---- Provided information

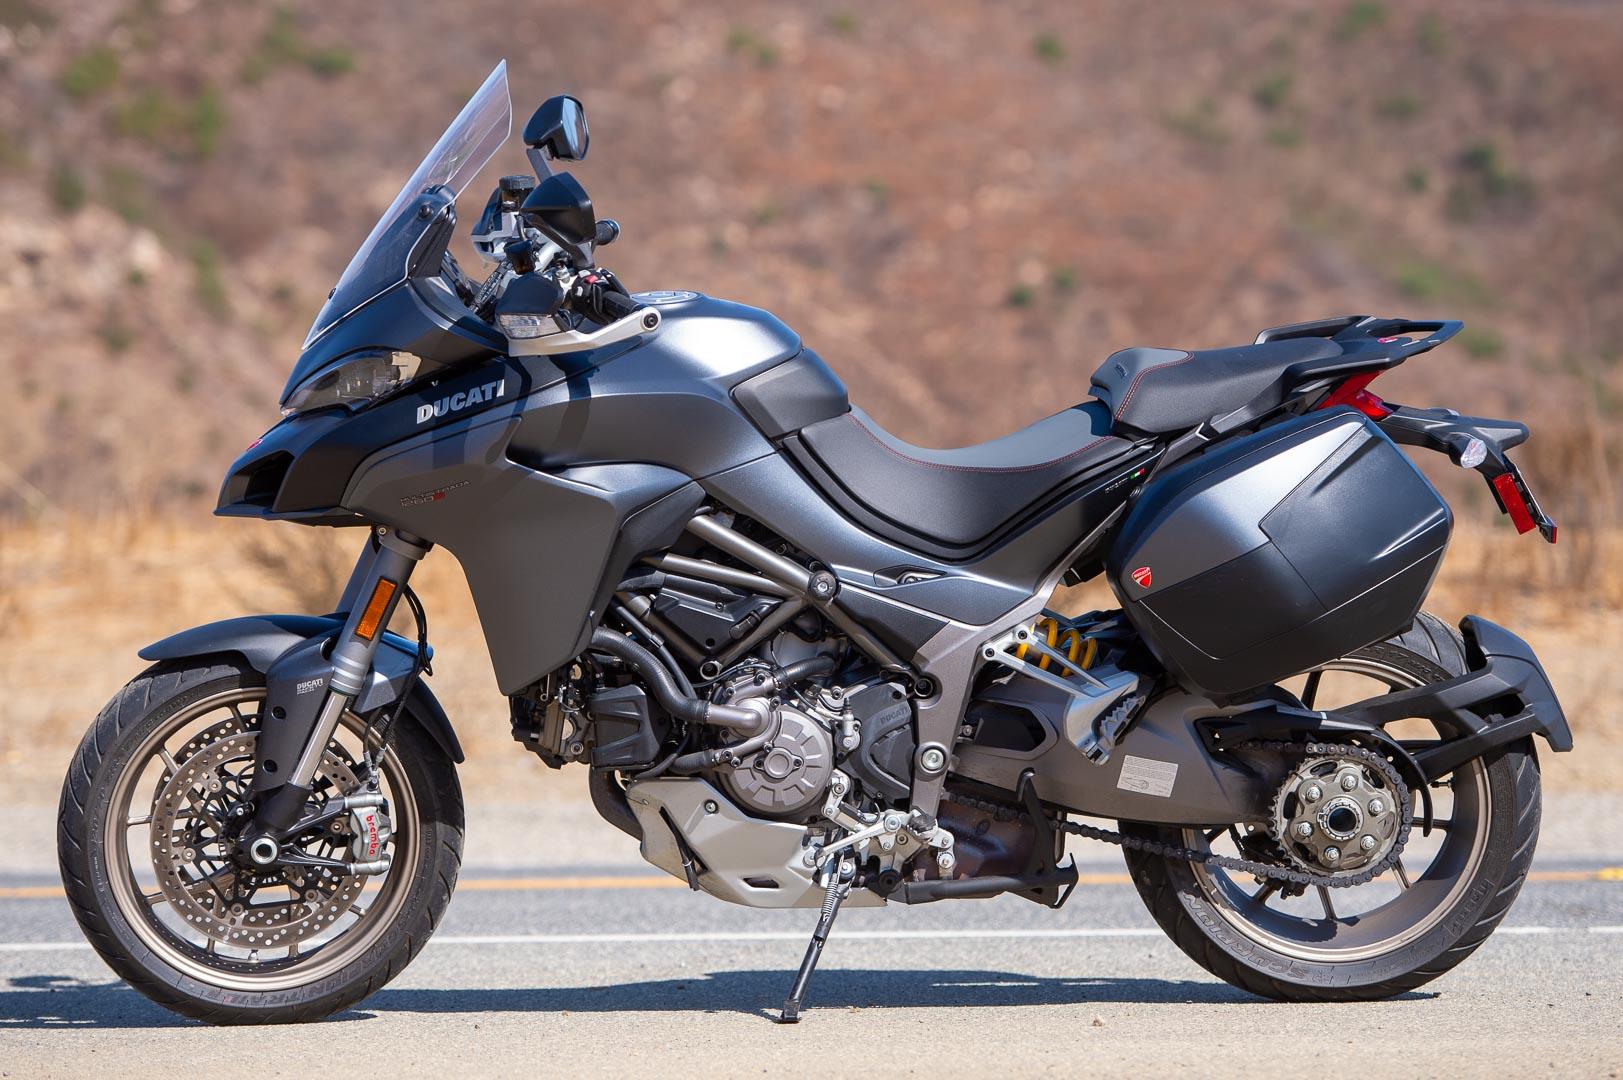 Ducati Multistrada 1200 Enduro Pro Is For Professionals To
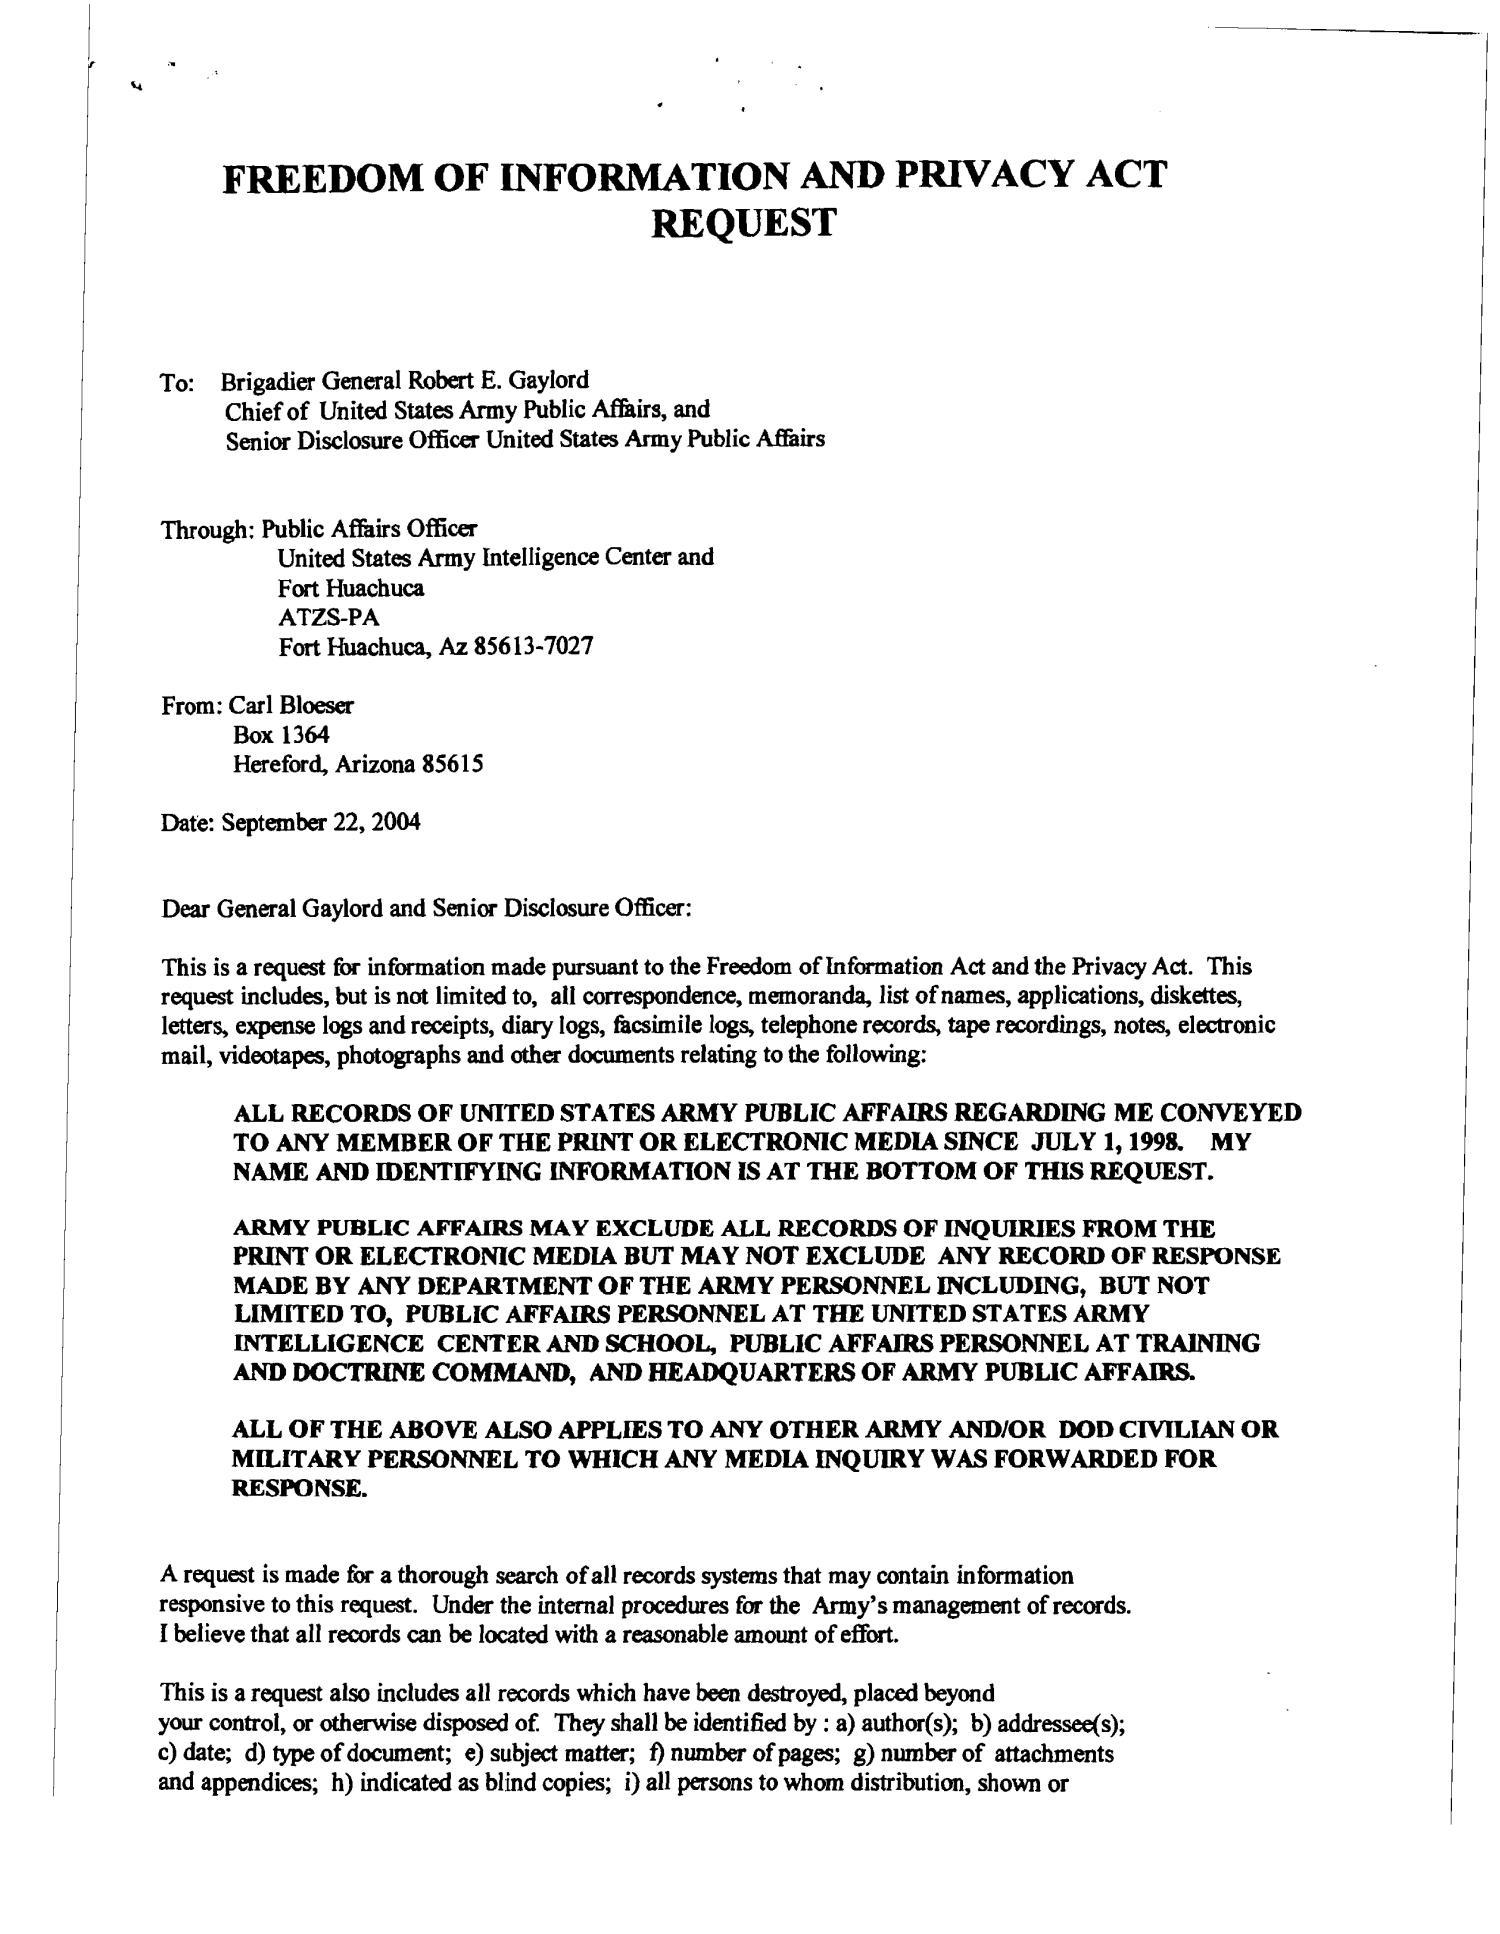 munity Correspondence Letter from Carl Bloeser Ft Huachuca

--------
---- Provided information

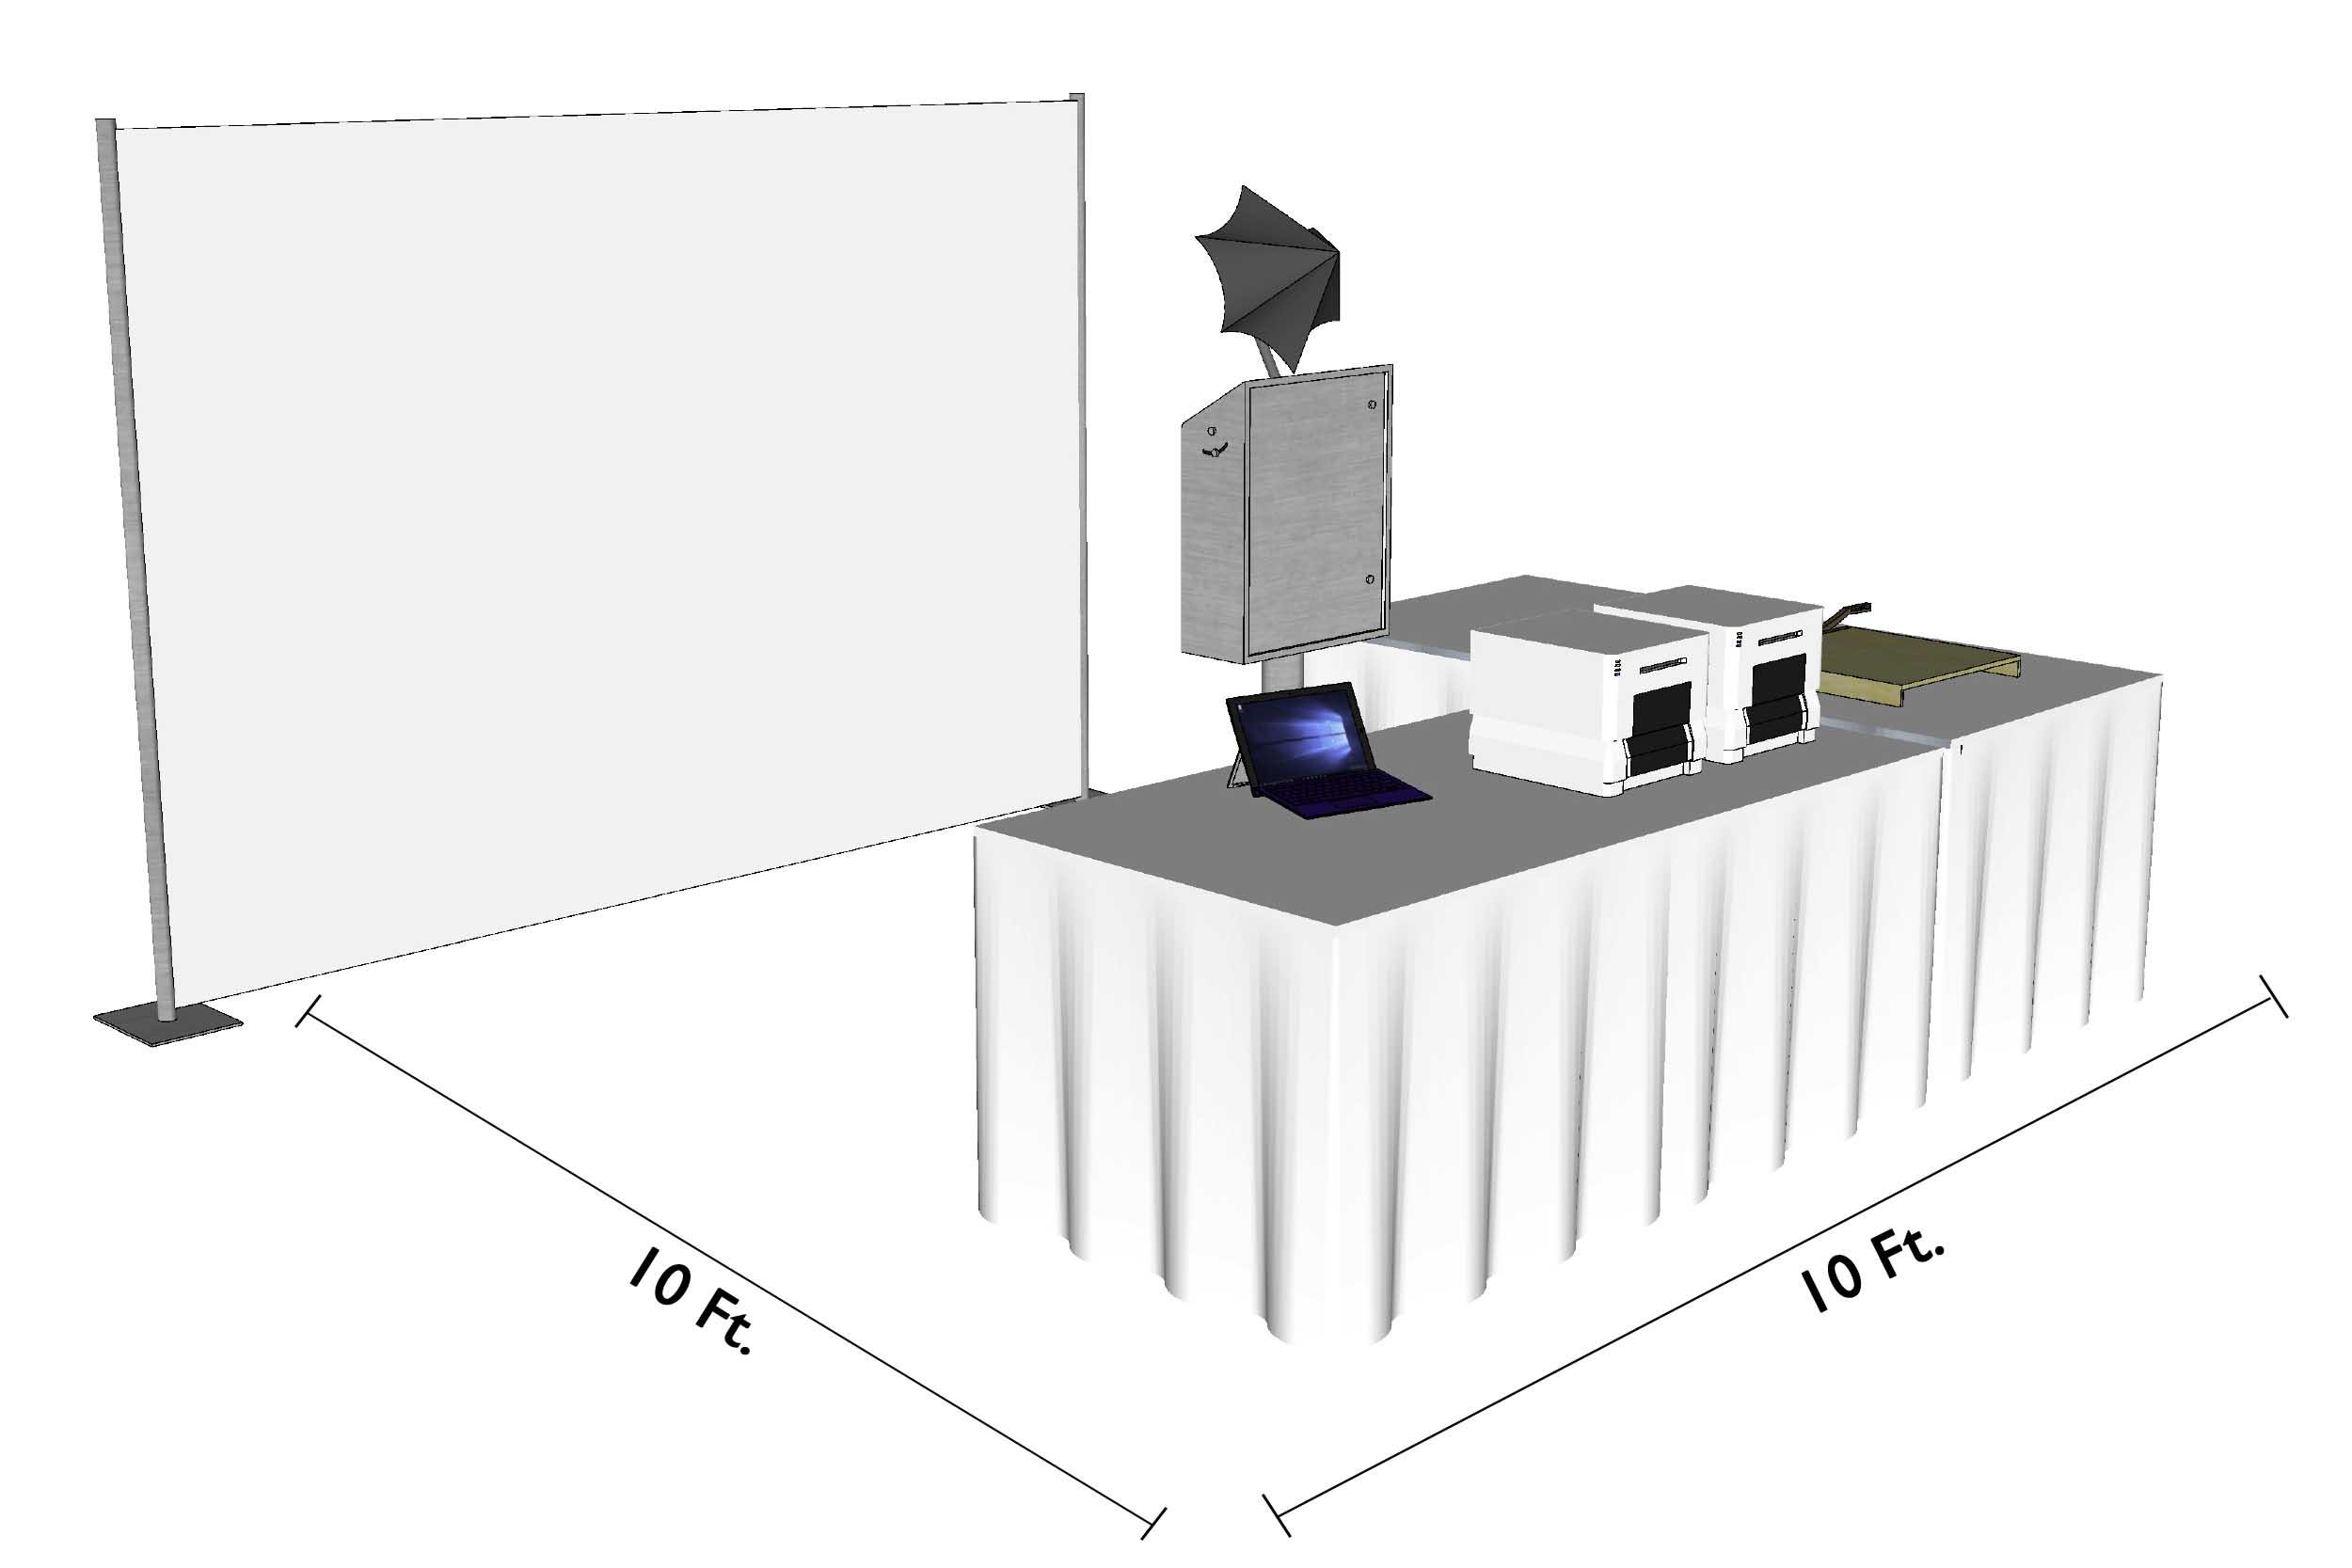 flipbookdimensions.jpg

--------
---- Provided information

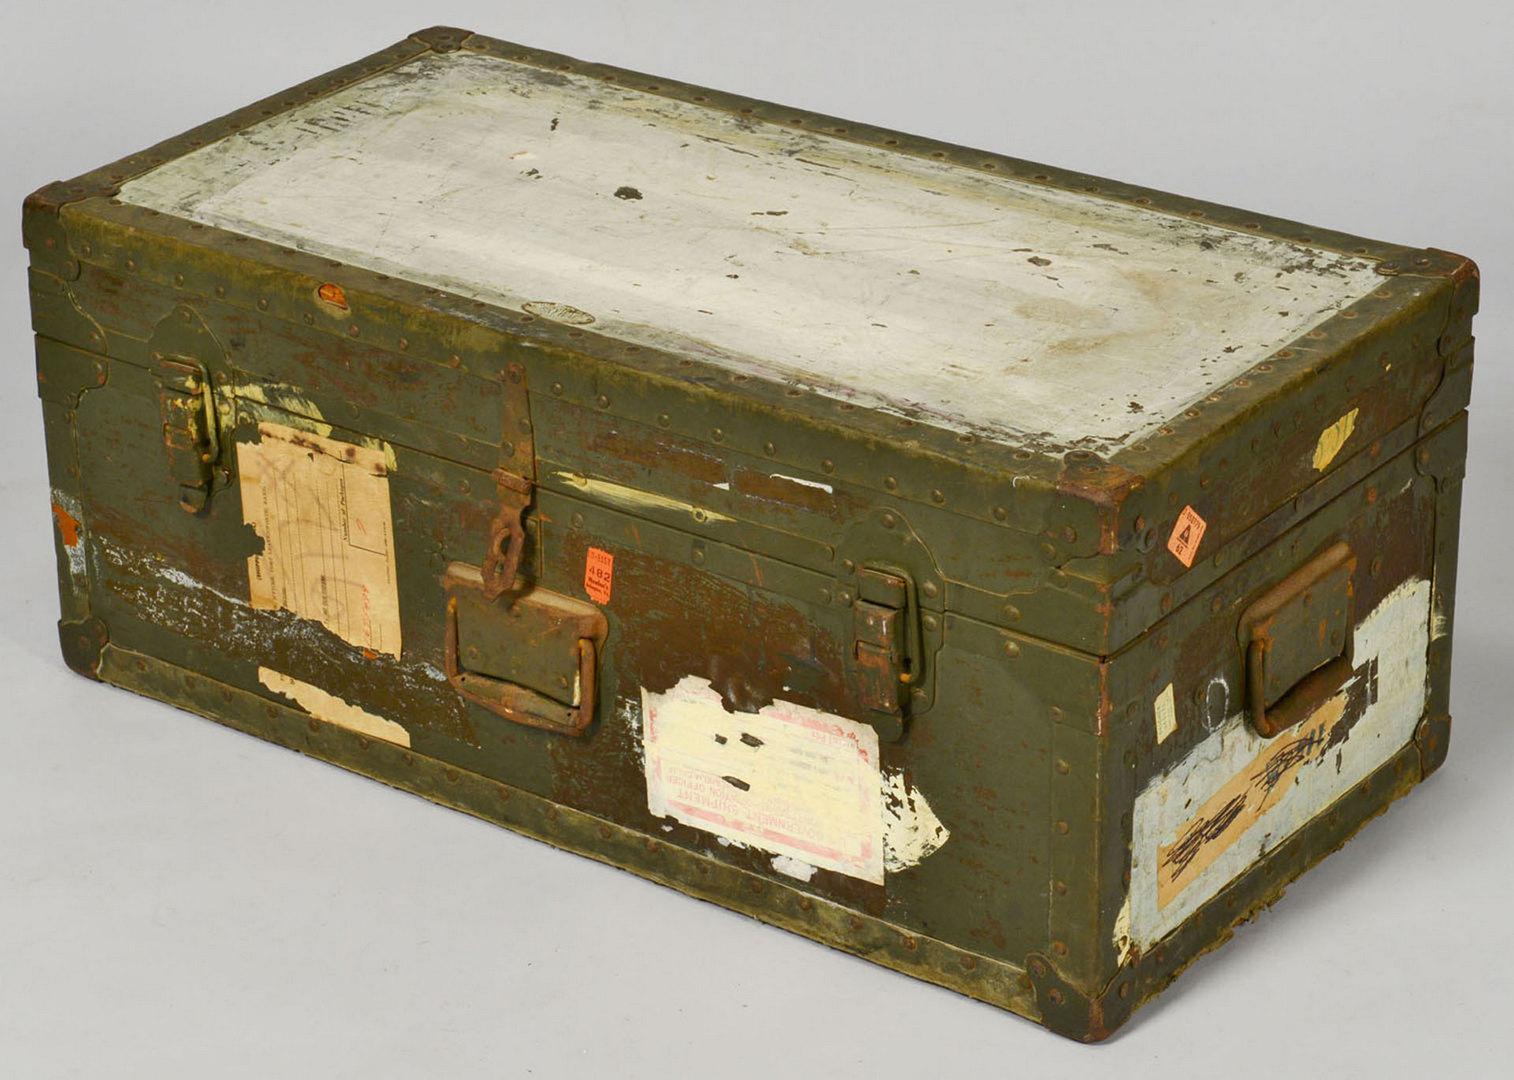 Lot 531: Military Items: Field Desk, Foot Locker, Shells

--------

## Description of the task
When you reach the line containing "Ducati Multistrada 1200" in the entries above, begin restating word for word, and stop once the line containing "munity Correspondence Letter" has been given. Omit the pictures.

## Task solution
 Ducati Multistrada 1200 Enduro Pro Is For Professionals To
 munity Correspondence Letter from Carl Bloeser Ft Huachuca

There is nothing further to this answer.